Give back the lines below verbatim, omitting all pictures.

[INFORMATION SUPPLIED]
--- START ---

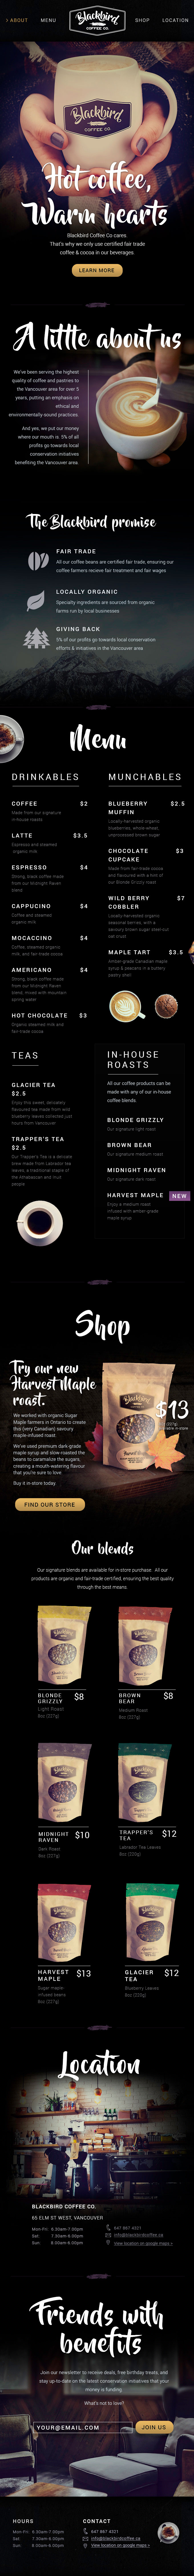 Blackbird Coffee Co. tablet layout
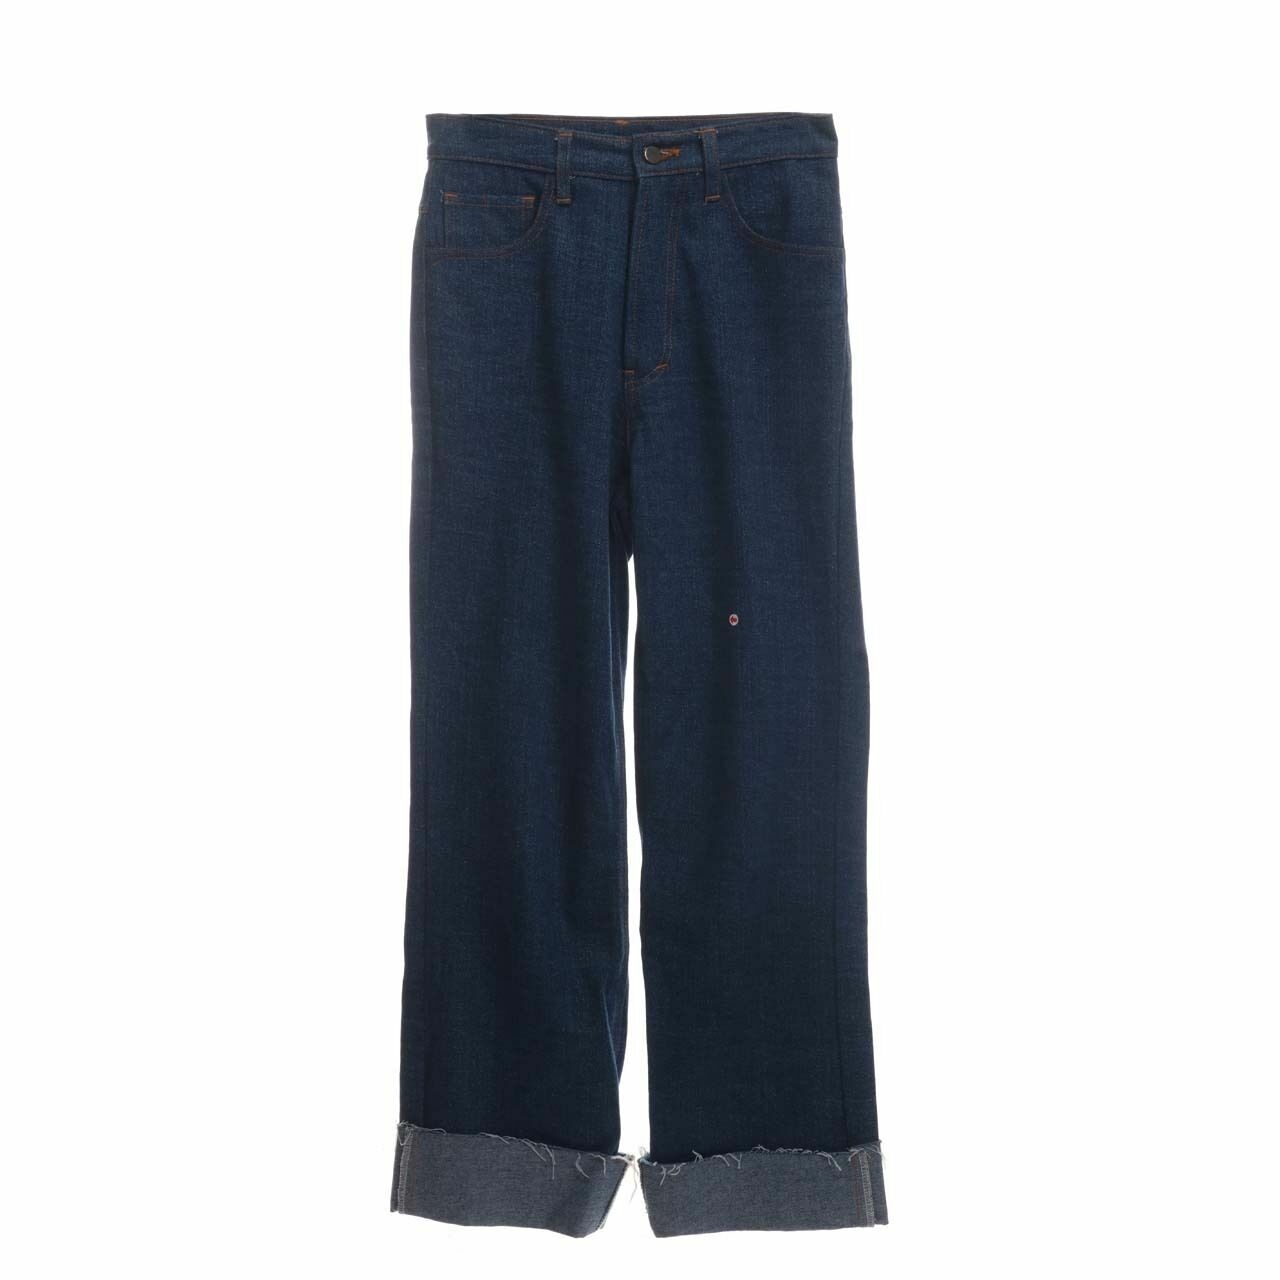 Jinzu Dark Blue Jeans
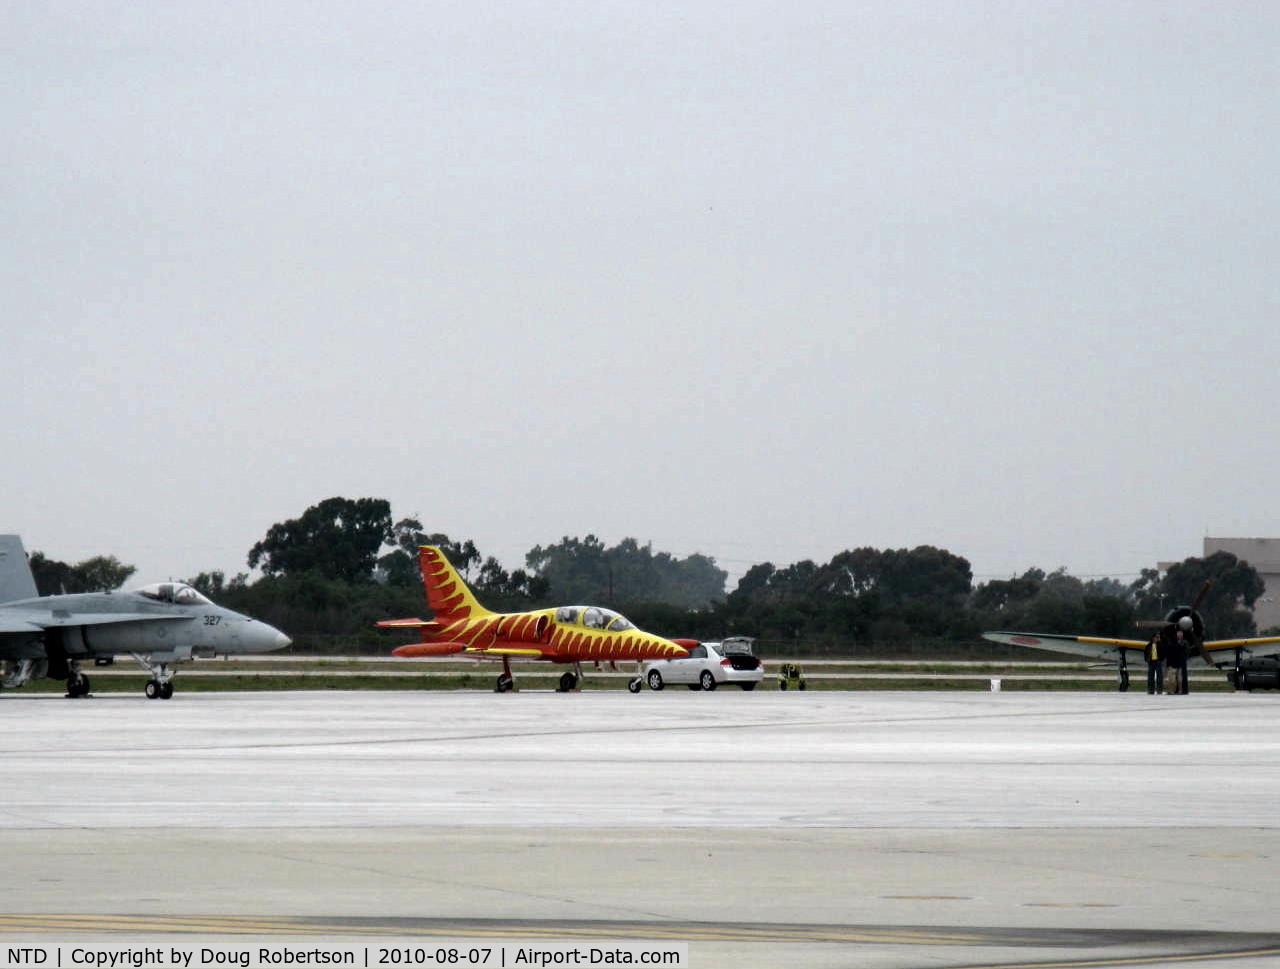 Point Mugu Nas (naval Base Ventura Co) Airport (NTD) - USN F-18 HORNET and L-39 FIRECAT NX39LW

--- END ---

[SOLUTION TO THE PROBLEM]
 Blackbird Coffee Co. tablet layout
 Jinzu Dark Blue Jeans
 Point Mugu Nas (naval Base Ventura Co) Airport (NTD) - USN F-18 HORNET and L-39 FIRECAT NX39LW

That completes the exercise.